Workshops focus on applied tools and policy
Afternoon workshops focused on hands-on applications of AI in teaching, including syllabus development, assignment redesign, and information literacy. Sessions featured demonstrations of tools such as NotebookLM, discussions of AI policy language in syllabi, and practical approaches to integrating generative AI into student assignments and research workflows.
Sessions were supported through collaboration with VCU Libraries, the LED Studio, the Office of the Provost, and the General Education program, reflecting a cross-institutional effort to support faculty development and AI readiness across campus. Will Willis, chair of the nonprofit initiative AI Ready RVA, also contributed to discussions focused on workforce alignment and the growing importance of AI competencies for students entering the job market.

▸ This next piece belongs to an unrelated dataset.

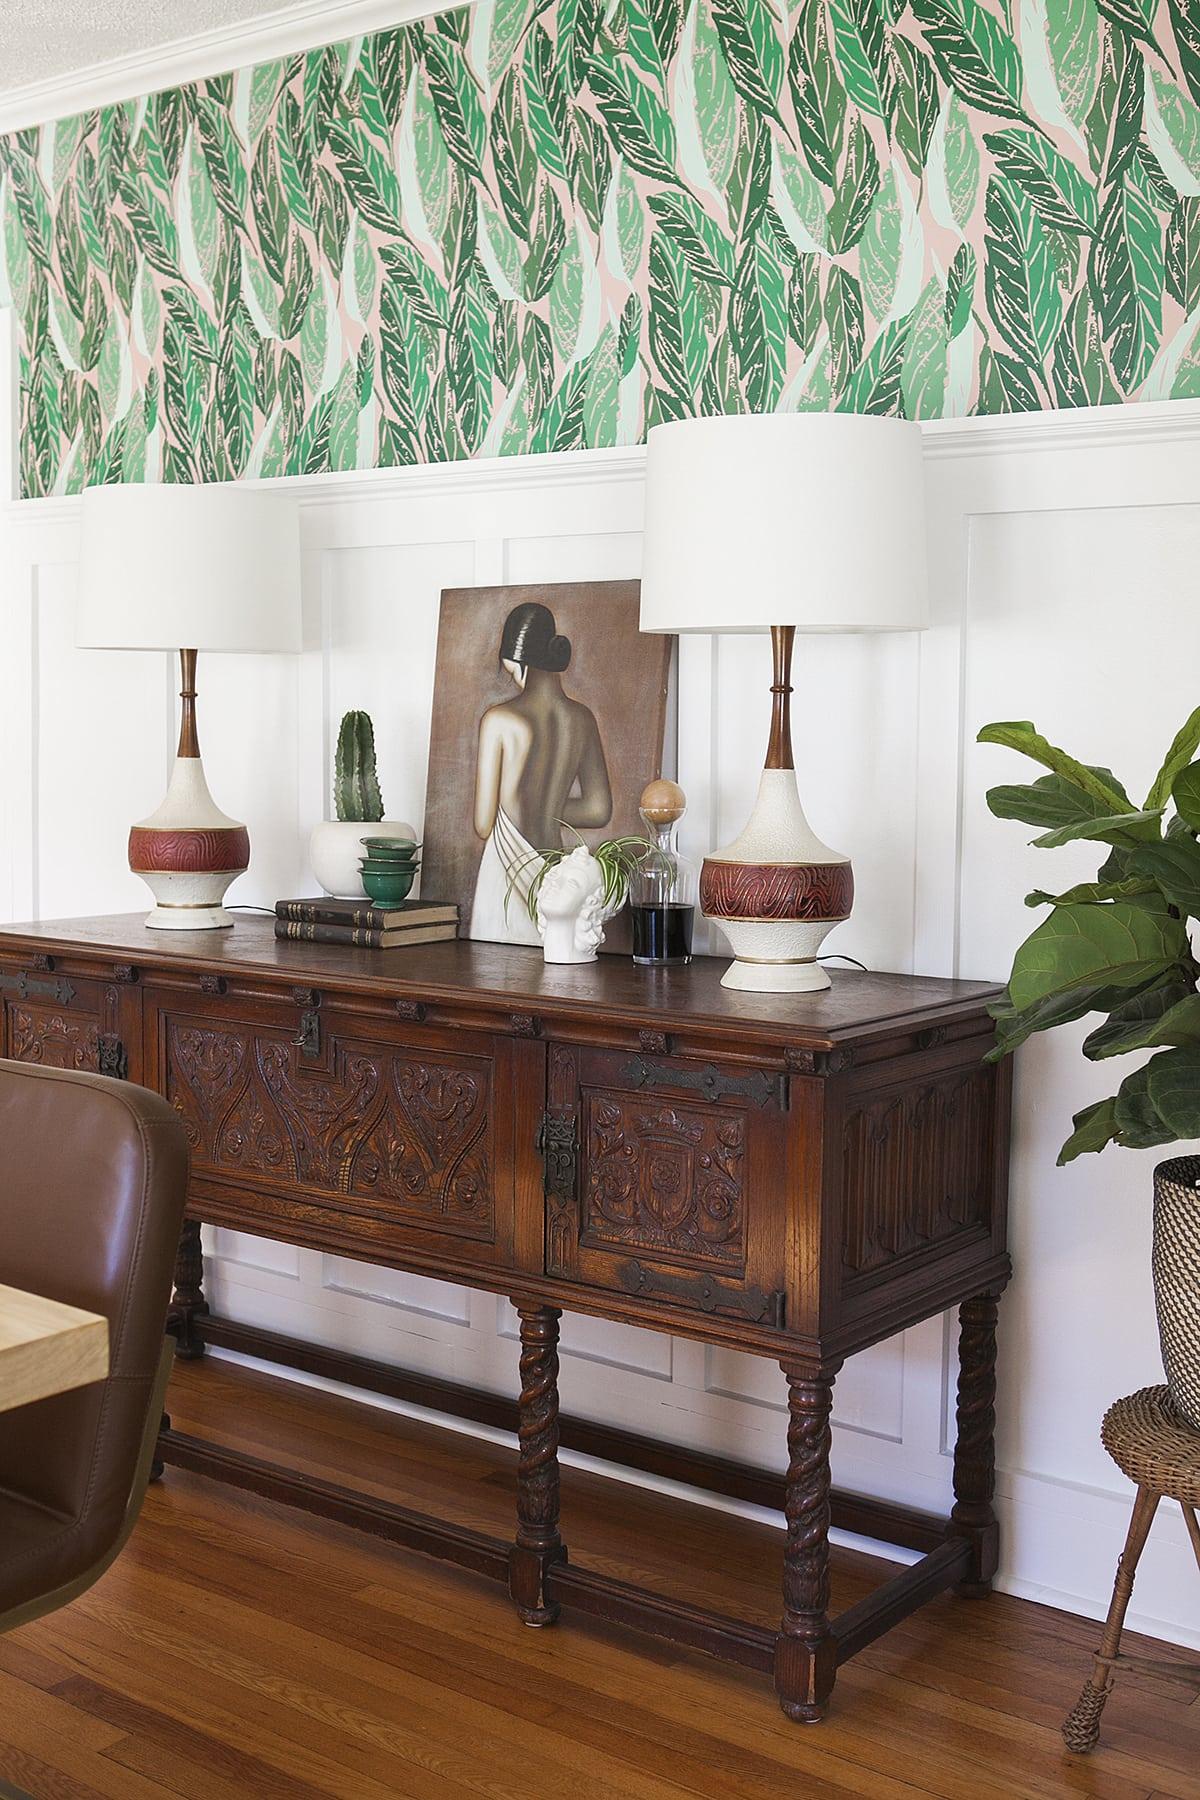 Modern Vintage Dining Room Reveal | Dining Room Design | Dining Room Decor  | Mid Century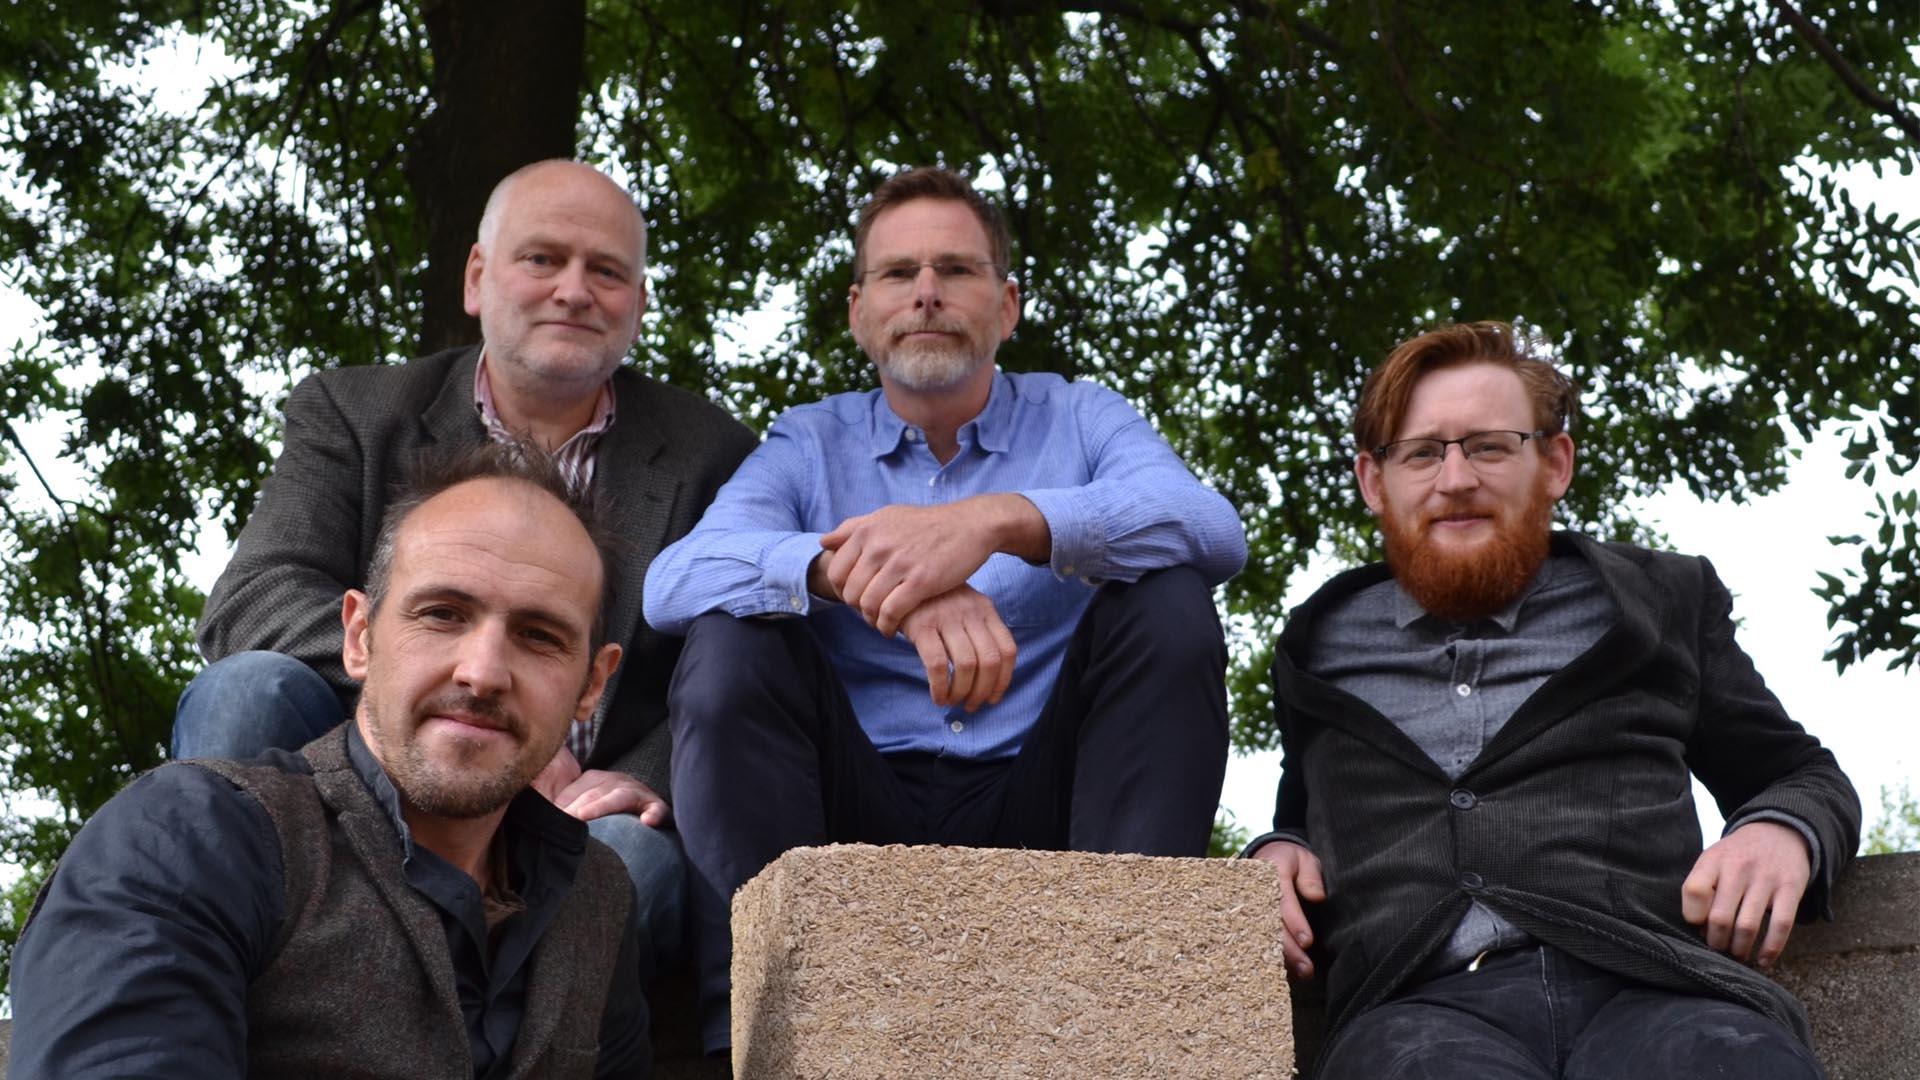 The Industrial Nature team, l-r: Sam Baumber, Ewan Mealyou, Scott Simpson, Euan Lochhead

Feedback from attendees emphasized the value of applied examples, templates, and concrete strategies that could be immediately adapted for classroom use in semesters to come.
Looking ahead
The CHS AI Teaching Summit is part of a broader effort to support faculty development and expand AI literacy across the university. The launch of the CHS AI HUB will bring together resources and opportunities for faculty, students, and the community. Upcoming programming will include an AI Research Summit in Fall 2026 (currently accepting proposals), the continued rollout of the AI in Pedagogy badge, and the launch of a Faculty AI Interest Group designed to support ongoing collaboration, resource-sharing, and practice-based learning across disciplines. Together, these initiatives aim to provide sustained pathways for faculty engagement with artificial intelligence in teaching, research, and curriculum design.
The CHS AI Teaching Summit is part of CHS’s broader commitment to advancing instructional innovation, faculty development, and AI literacy, with support from campus partners including the Media + AI Initiative.